Berita Nasional
Perjalanan Darat Wajib Tes Covid-19, Pengetatan Aturan Pascalarangan Mudik Berakhir
Perjalanan dalam negeri diperketat selama H-14 dan H+7 peniadaan mudik Lebaran. Aturan soal pengetatan perjalanan berlaku mulai 18 hingga 24 Mei.
Editor : Anjar Wulandari
BANJARMASINPOST.CO.ID - Ketentuan larangan mudik lebaran telah berakhir Senin (17/5/2021). Namun bukan berarti masyarakat bisa bebas melenggang bepergian keluar daerah.
Sebab aturan pengetatan perjalanan dalam negeri usai berakhirnya larangan mudik lebaran 2021 telah disiapkan.
Aturan yang tercantum dalam adendum Surat Edaran Satuan Tugas (Satgas) Penanganan Covid-19 Nomor 13 Tahun 2021 tentang Peniadaan Mudik Hari Raya Idul Fitri Tahun 1442 Hijriah dan Upaya Pegendalian Penyebaran Covid-19 selama Ramadhan 1442 H.
Dalam adendum tersebut, perjalanan dalam negeri diperketat selama H-14 dan H+7 peniadaan mudik Lebaran. Aturan soal pengetatan perjalanan berlaku mulai 18 hingga 24 Mei.
Pengetatan perjalanan ini berlaku bagi seluruh masyarakat yang menempuh perjalanan darat udara, dan laut.
Baca juga: Pascaidulfitri Petugas Pos Pengamanan Mudik di Binuang Tapin Swab Tujuh Pengendara, ini Hasilnya
Baca juga: Peniadaan Mudik Lebaran Idulfitri 1442 H, Bandara Syamsudin Noor Banjarmasin Sepi
* Aturan Perjalanan darat
Pelaku perjalanan darat selama masa pengetatan perjalanan dengan kendaraan pribadi wajib melakukan tes Covid-19, seperti tes antigen, PCR maupun GeNose dalam waktu 1 X 24 jam sebelum keberangkatan.

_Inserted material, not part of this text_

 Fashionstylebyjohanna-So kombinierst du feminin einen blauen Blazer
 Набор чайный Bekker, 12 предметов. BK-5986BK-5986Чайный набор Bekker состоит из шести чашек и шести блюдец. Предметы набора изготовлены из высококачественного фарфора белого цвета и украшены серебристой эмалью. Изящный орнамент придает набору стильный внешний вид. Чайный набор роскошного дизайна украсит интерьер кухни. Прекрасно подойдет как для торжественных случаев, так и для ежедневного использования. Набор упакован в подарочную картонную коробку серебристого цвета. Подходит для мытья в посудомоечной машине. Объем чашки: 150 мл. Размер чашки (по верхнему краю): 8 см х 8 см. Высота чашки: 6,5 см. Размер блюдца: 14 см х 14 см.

Apabila diperlukan Satgas Penanganan Covid-19 Daerah akan melakukan tes acak terhadap para pelaku perjalanan darat yang menggunakan kendaraan pribadi.
Sementara, pelaku perjalanan kereta api antarkota wajib menunjukkan surat keterangan hasil negatif tes RT-PCR/rapid test antigen yang sampelnya diambil maksimal 1×24 jam sebelum keberangkatan, atau surat keterangan hasil negatif tes GeNose C19.
Pelaku perjalanan darat diimbau untuk mengisi e-HAC.
Bagi anak-anak di bawah 5 tahun tak diwajibkan melakukan tes baik RT-PCR/rapid antigen atau tes GeNose seagai syarat perjalanan.
Meski memiliki hasil tes negatif, pelaku perjalanan tetap tidak boleh melanjutkan perjalanan apabila menunjukkan gejala Covid-19.
Pelaku perjalanan diwajibkan melakukan tes diagnostik RT-PCR dan isolasi mandiri selama waktu tunggu hasil pemeriksaan.
Perjalanan udara dan laut
:quality(30):format(webp):focal(0.5x0.5:0.5x0.5)/banjarmasin/foto/bank/originals/penyejaran-mudik-di-perbatasan-kalselteng.jpg)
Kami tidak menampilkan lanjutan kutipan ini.